BEGIN Stored data

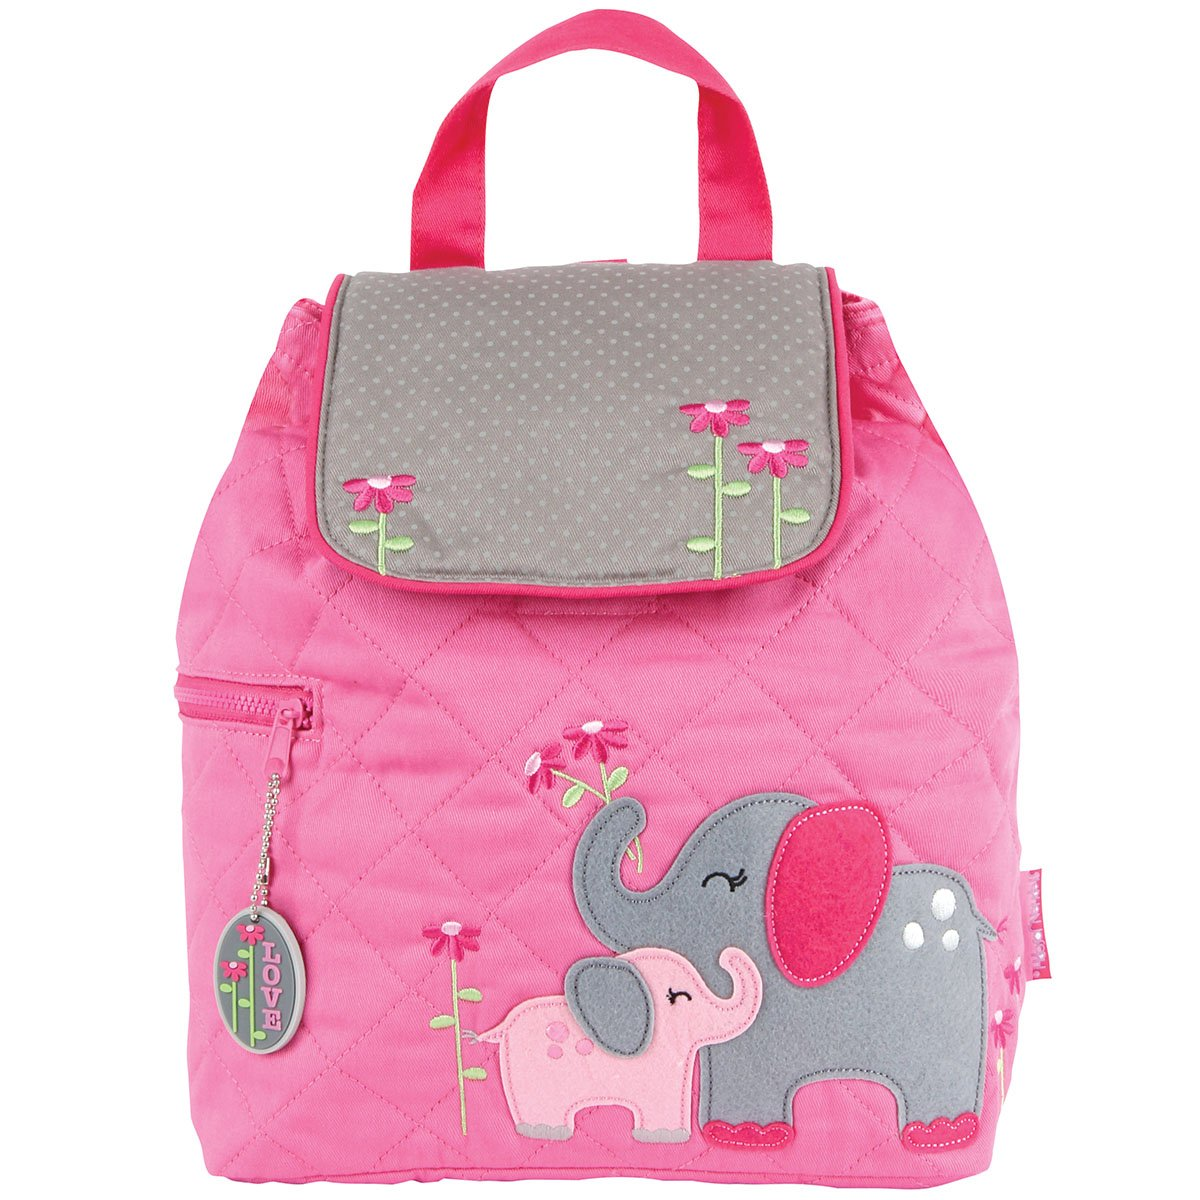 Stephen Joseph Children's Quilted Backpacks Sac à Dos Enfants, 33 cm, 2 liters, Rose (Pink) SJ-1001-G
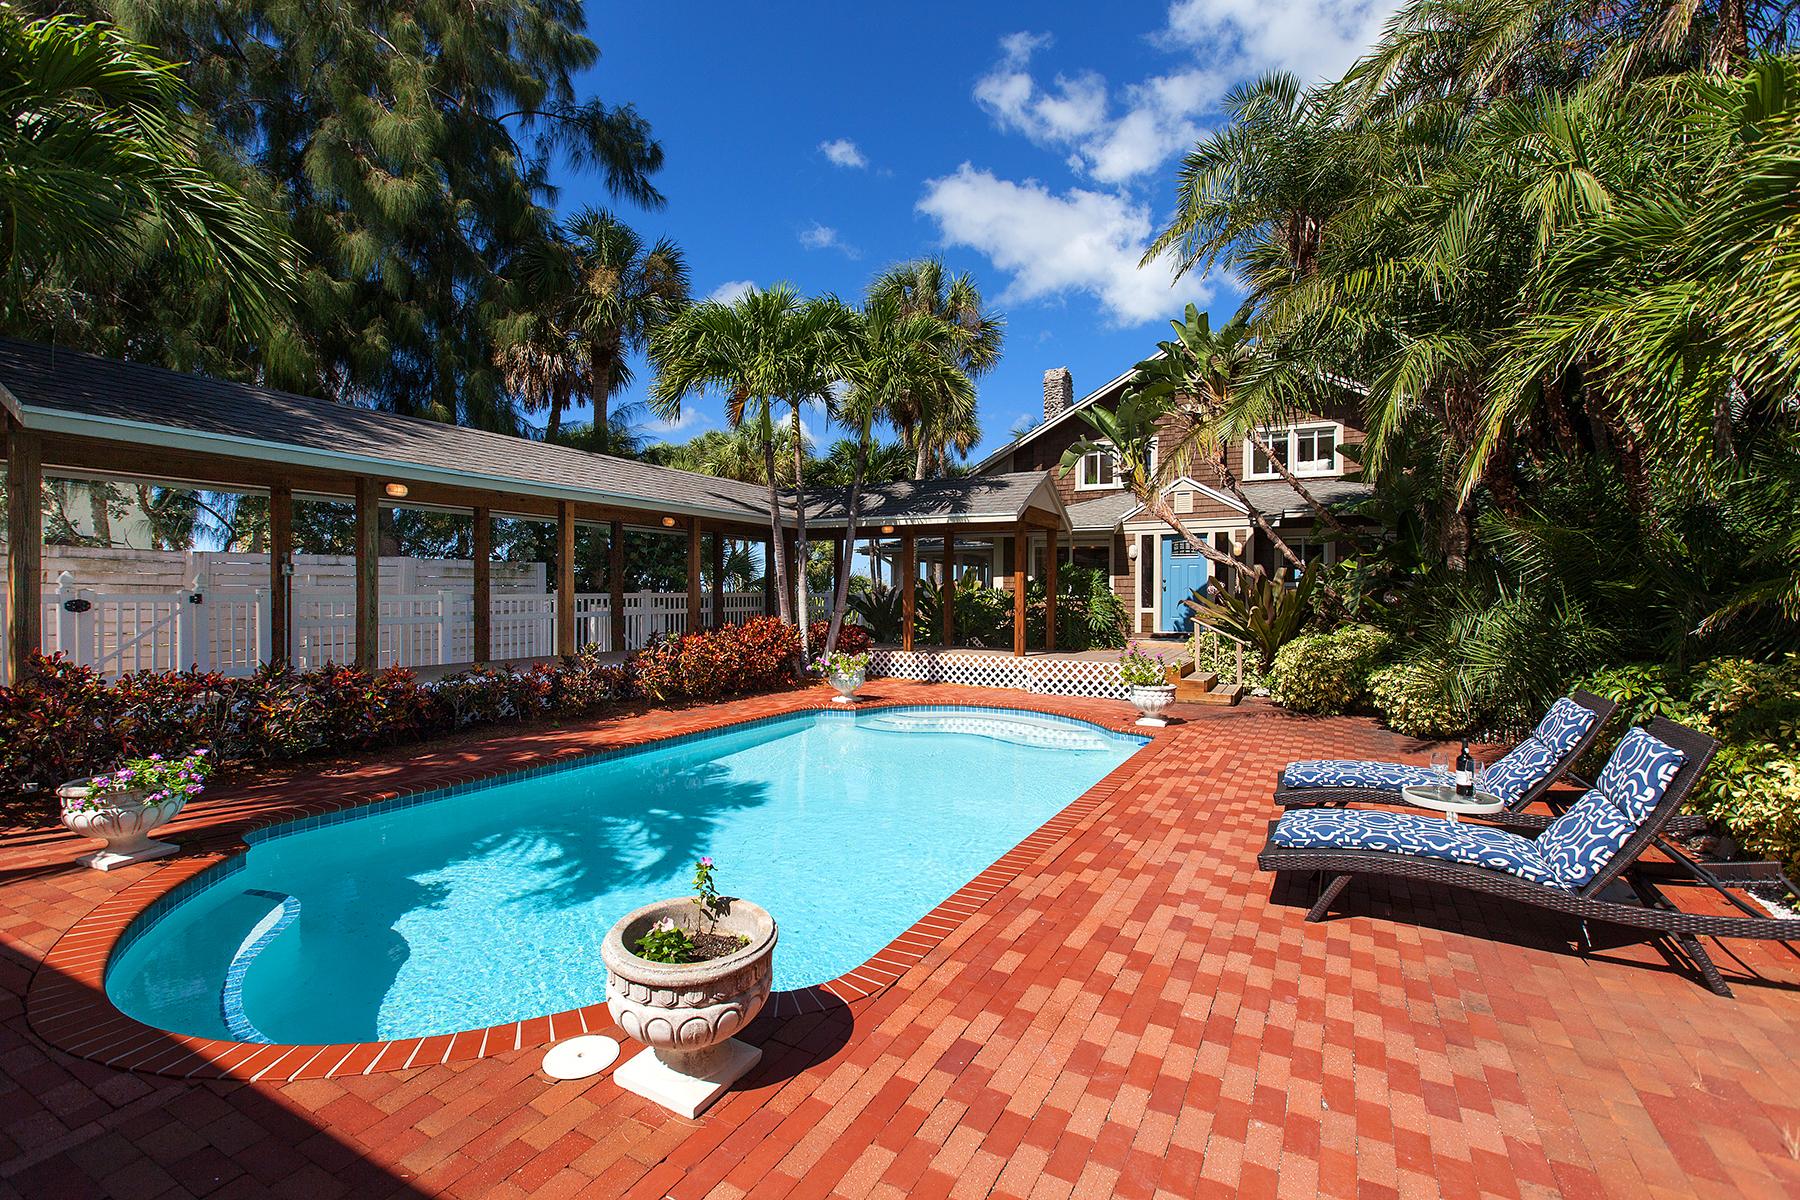 Casa Unifamiliar por un Venta en SIESTA KEY 4632 Ocean Blvd Sarasota, Florida, 34242 Estados Unidos
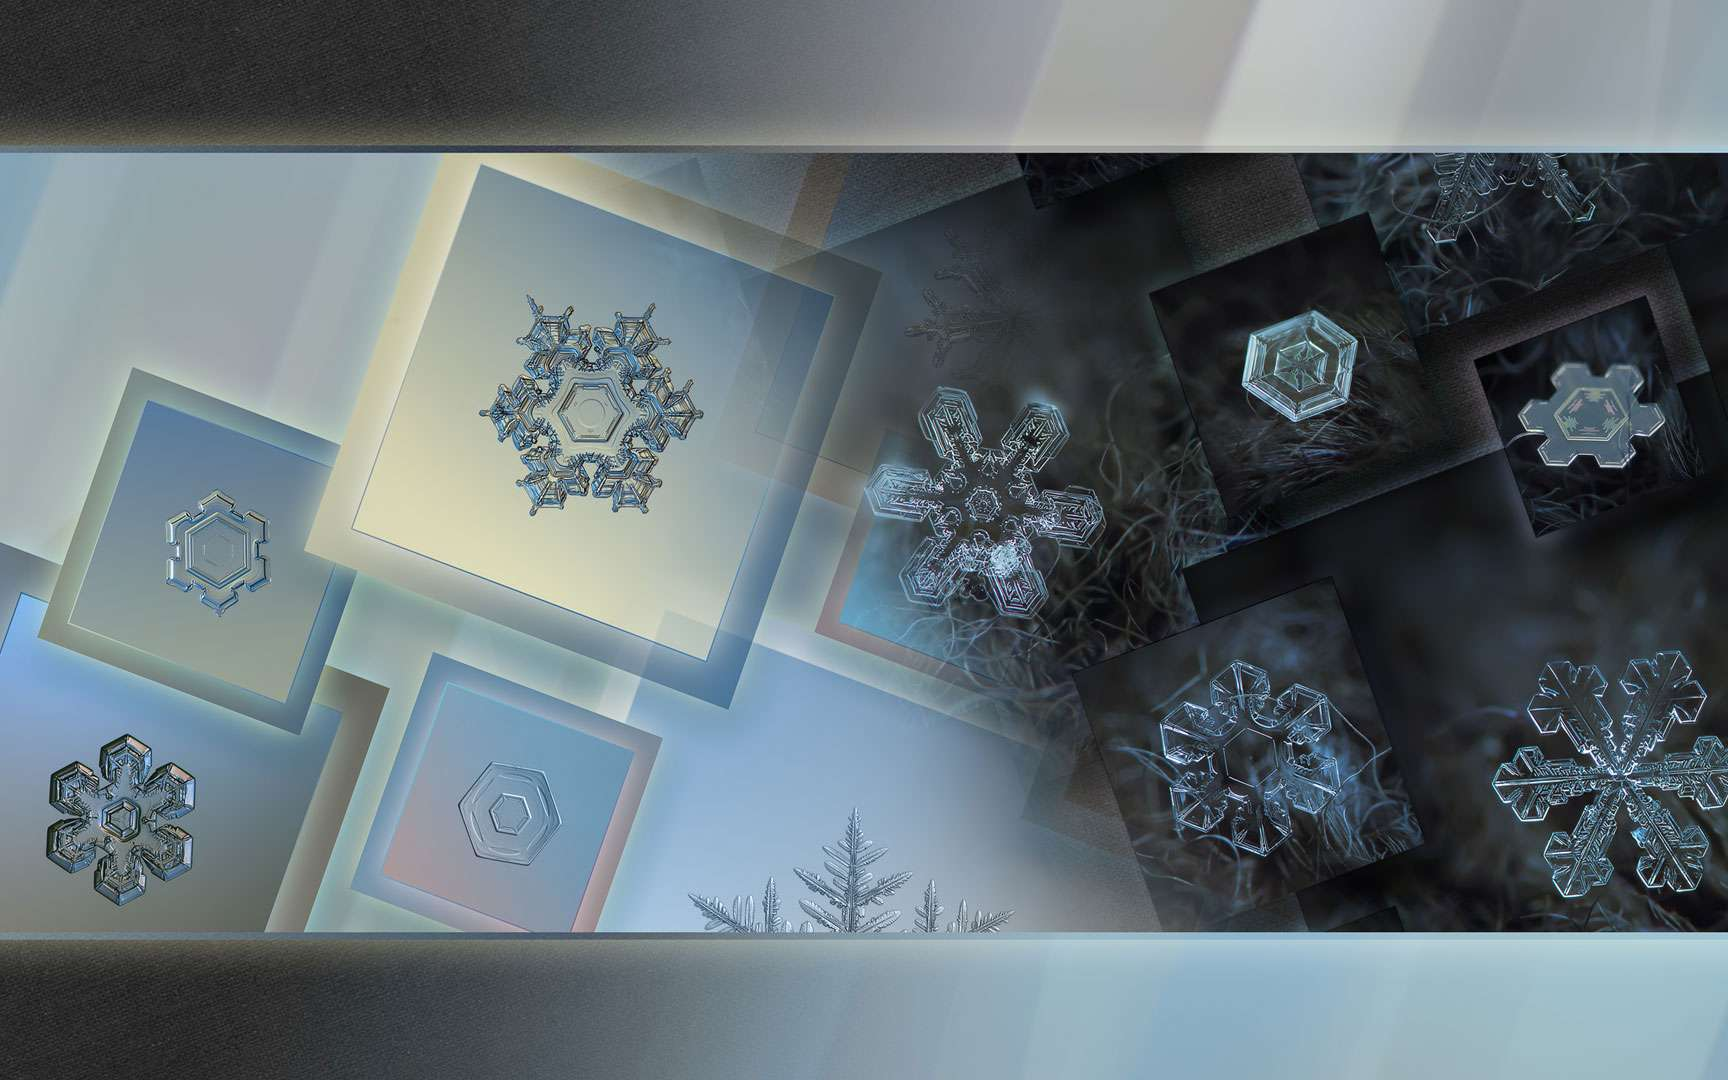 Le photographe russe Alexey Kjatov aime offrir à notre regard les flocons de neige qu'il immortalise de bien belle manière grâce à ses connaissances en macrophotographie. Il apprécie également de regrouper certains de ses clichés au sein de ce que l'on peut alors réellement nommer des œuvres d'art. Comme ce fond d'écran qu'il a poétiquement baptisé : «Aube».On y retrouve des flocons de neige de formes variées et mis en valeur par des éclairages spécialement choisis pour souligner la magie qui en émane.© Olga & Alexey, Flickr, CC by-nc 2.0

END Stored data

● Brief
Could you reproduce all of the material exactly? Keep the pictures out of it.

● Response to the exercise
 Stephen Joseph Children's Quilted Backpacks Sac à Dos Enfants, 33 cm, 2 liters, Rose (Pink) SJ-1001-G
 Casa Unifamiliar por un Venta en SIESTA KEY 4632 Ocean Blvd Sarasota, Florida, 34242 Estados Unidos
 Le photographe russe Alexey Kjatov aime offrir à notre regard les flocons de neige qu'il immortalise de bien belle manière grâce à ses connaissances en macrophotographie. Il apprécie également de regrouper certains de ses clichés au sein de ce que l'on peut alors réellement nommer des œuvres d'art. Comme ce fond d'écran qu'il a poétiquement baptisé : «Aube».On y retrouve des flocons de neige de formes variées et mis en valeur par des éclairages spécialement choisis pour souligner la magie qui en émane.© Olga & Alexey, Flickr, CC by-nc 2.0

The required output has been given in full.